Set down exactly the lines below between the line holding "Galaxy Project Logo" and the line holding "Samsonite-Upscape-81cm-Suitcase-Black-Front-Angle", inclusive; no other line belongs in the answer.

(EXERCISE DATA)
◆ ◆ ◆ ◆

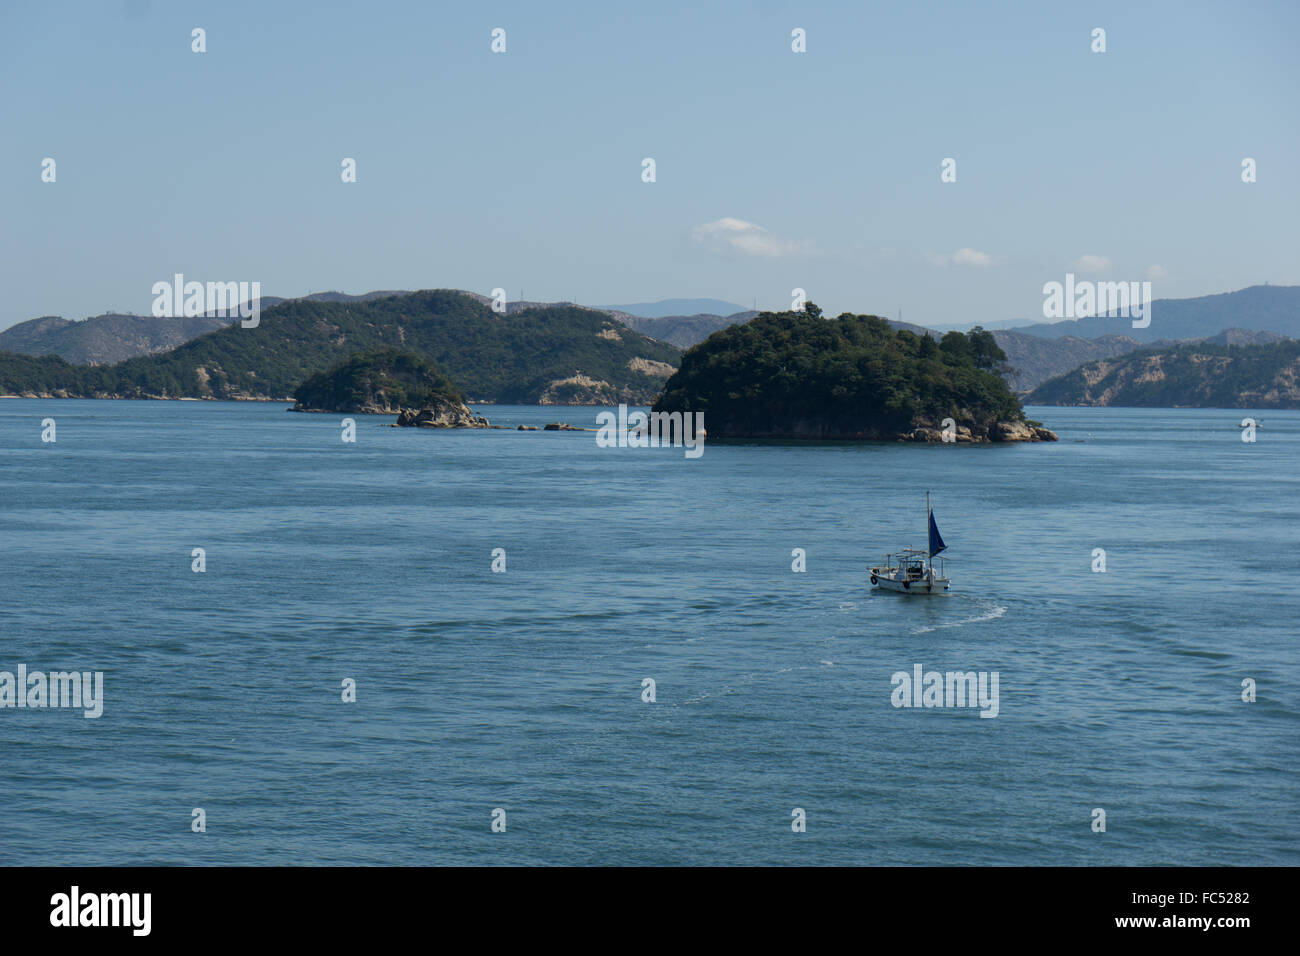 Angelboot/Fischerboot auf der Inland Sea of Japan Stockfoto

◆ ◆ ◆ ◆

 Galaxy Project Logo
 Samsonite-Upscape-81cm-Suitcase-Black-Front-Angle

◆ ◆ ◆ ◆

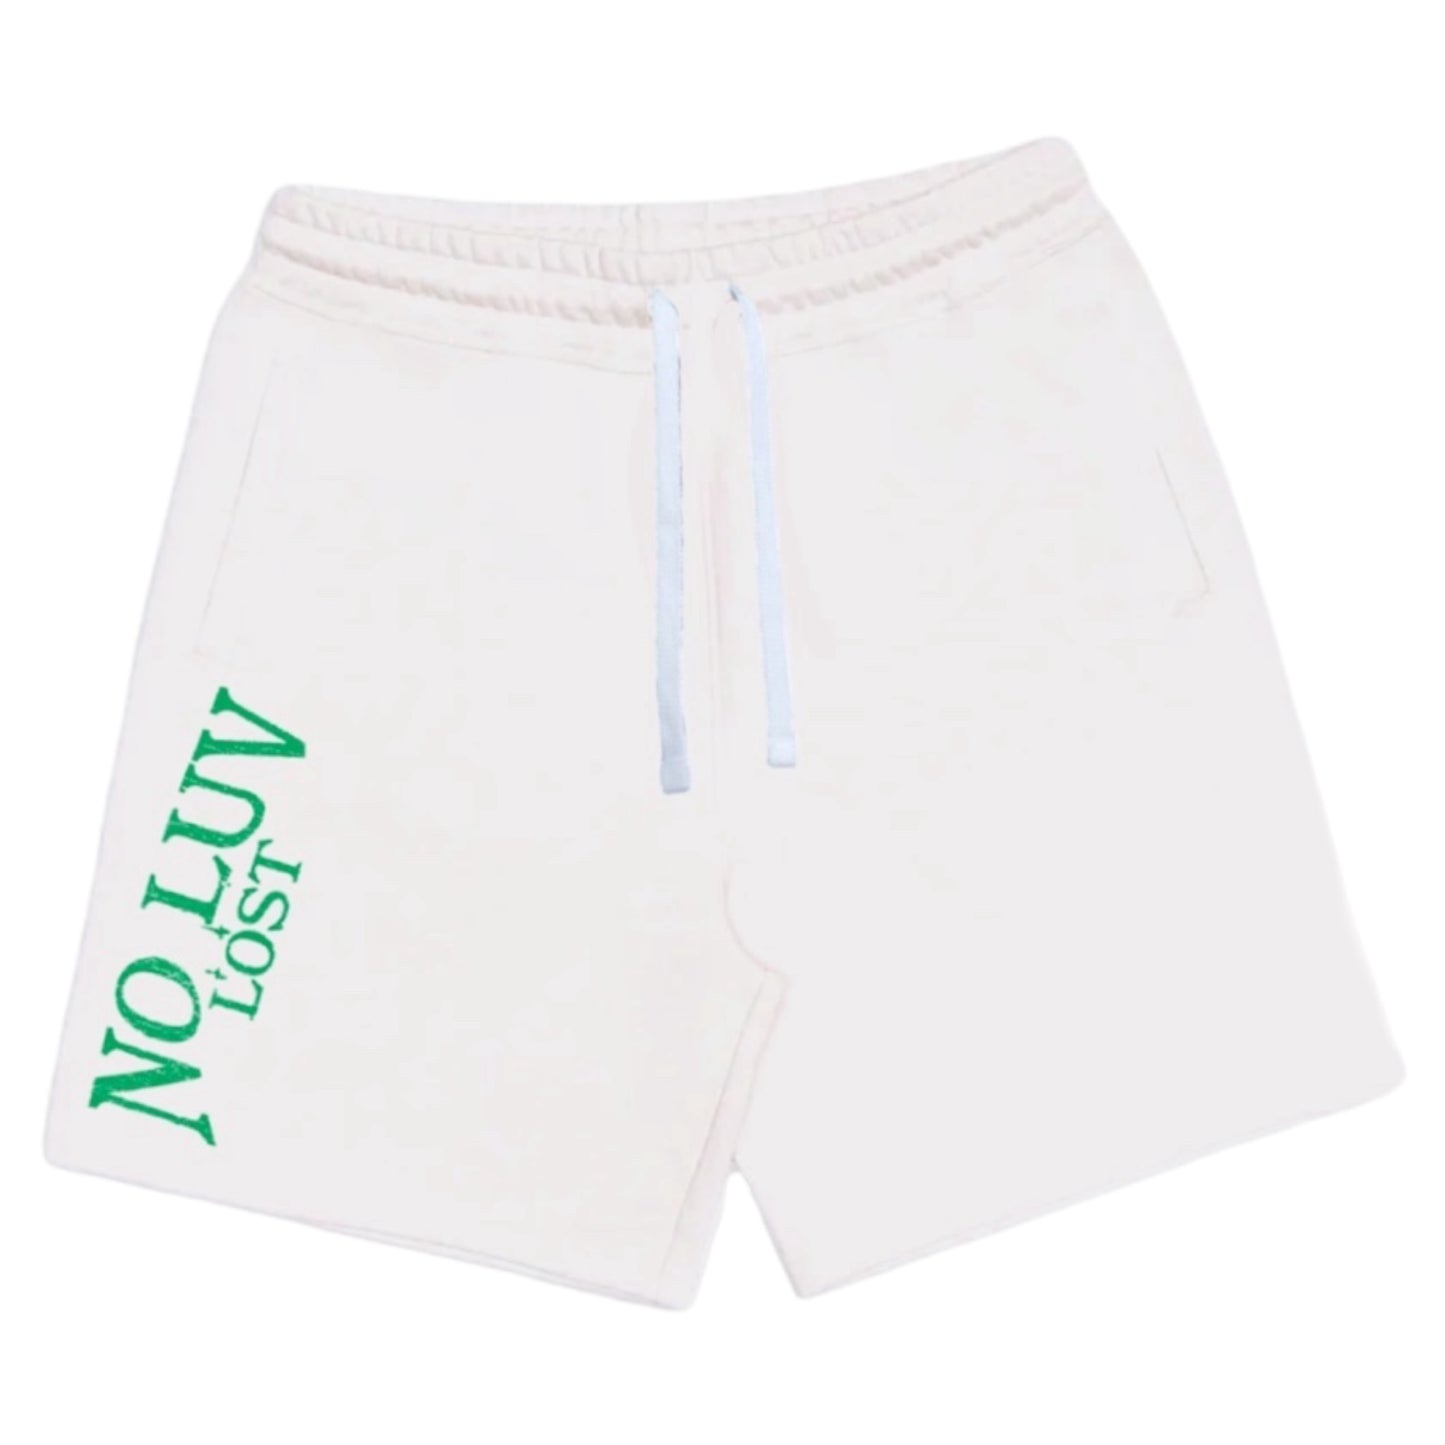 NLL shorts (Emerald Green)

◆ ◆ ◆ ◆

(OUTPUT FOR THIS TASK)
 Galaxy Project Logo
 Samsonite-Upscape-81cm-Suitcase-Black-Front-Angle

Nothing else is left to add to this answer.